Man found insane in 2013 shooting of Va. officer to face 2 Prince William Co. trials

A man who was found not guilty by reason of insanity in the 2013 shooting of an Alexandria, Virginia, police officer will now face two trials in Prince William County on charges of setting fire to the home of a mental health professional, trying to set fire to her car and stalking eight people.
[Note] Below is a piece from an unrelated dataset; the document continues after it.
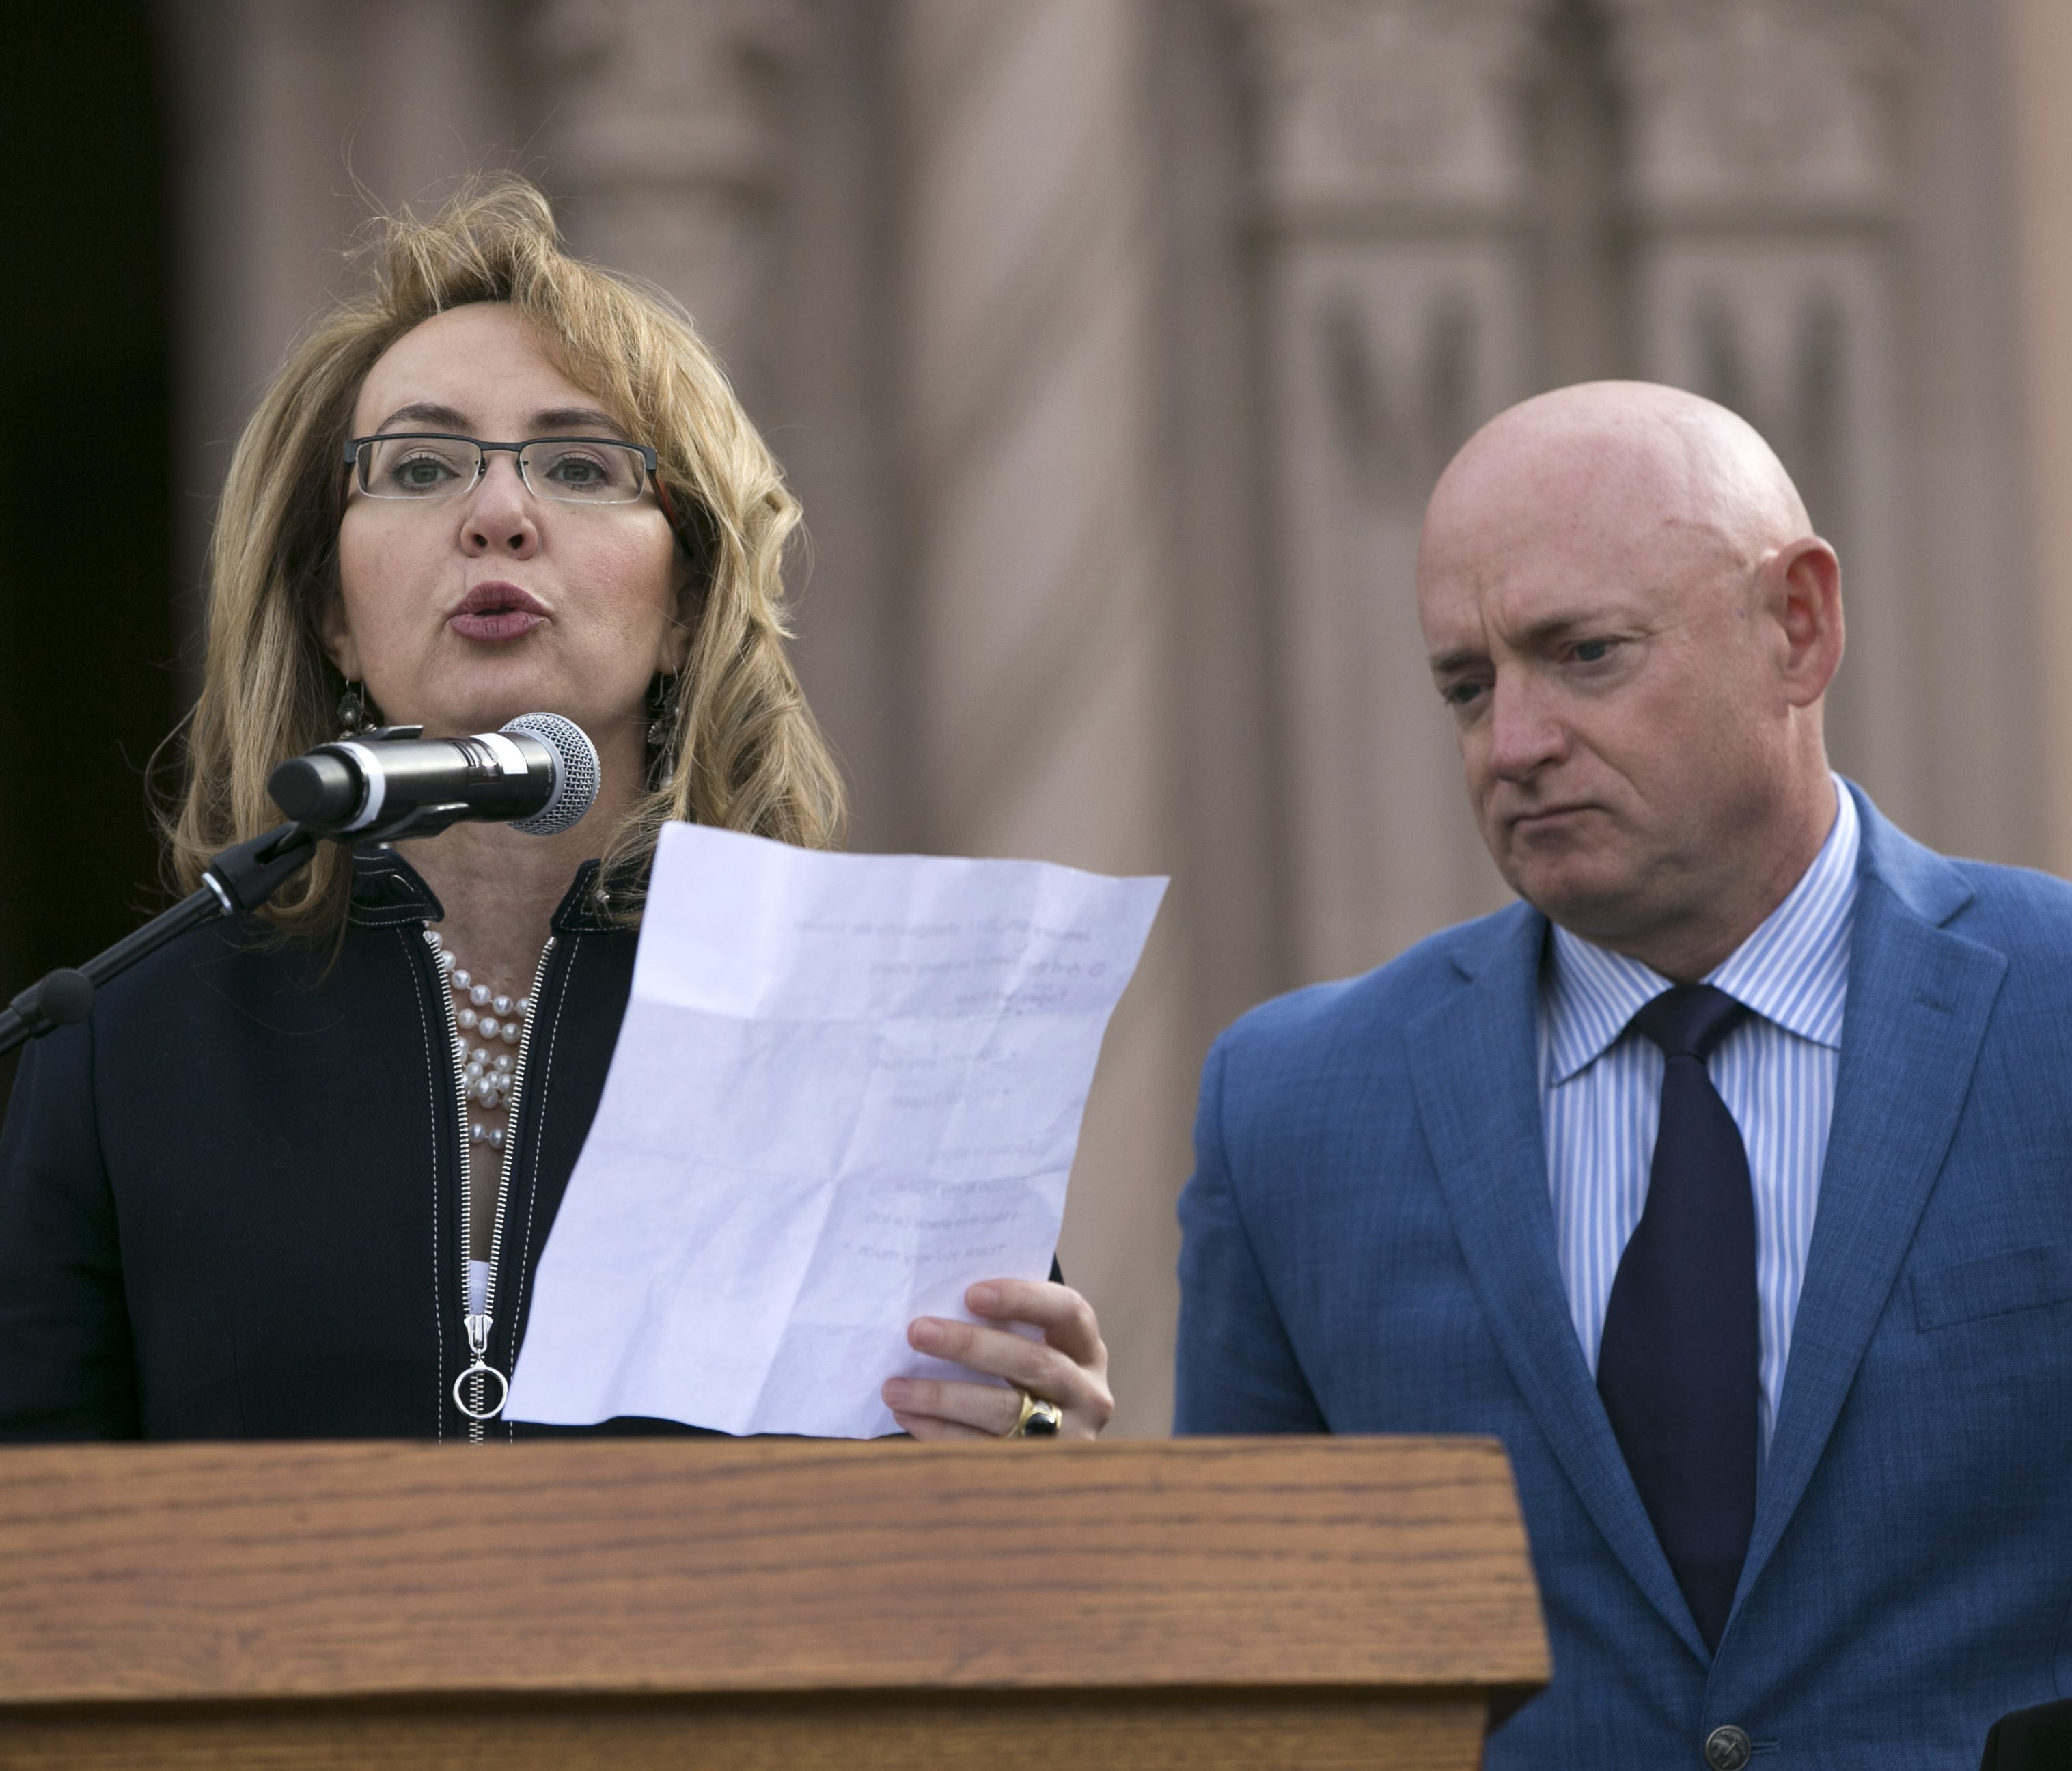 Former  U.S. Rep. Gabrielle Giffords speaks, as her husband, Mark Kelly looks on, during the memorial dedication for Tucson's January 8th Memorial at El Presidio Park in Tucson on Jan. 8, 2018. The dedication was held on the seven-year anniversary of

In a Friday hearing in Prince William County Circuit Court, Judge Angela Horan ruled Kashif Bashir will stand trial Nov. 12 on a felony charge of making a false statement on a consent form to purchase a firearm and a misdemeanor count of possession of a firearm by a person acquitted by reason of insanity.

Bashir will stand trial in February 2020 on felony charges of arson and attempted arson, as well as nine counts of misdemeanor stalking, and unauthorized use of an electronic tracking device.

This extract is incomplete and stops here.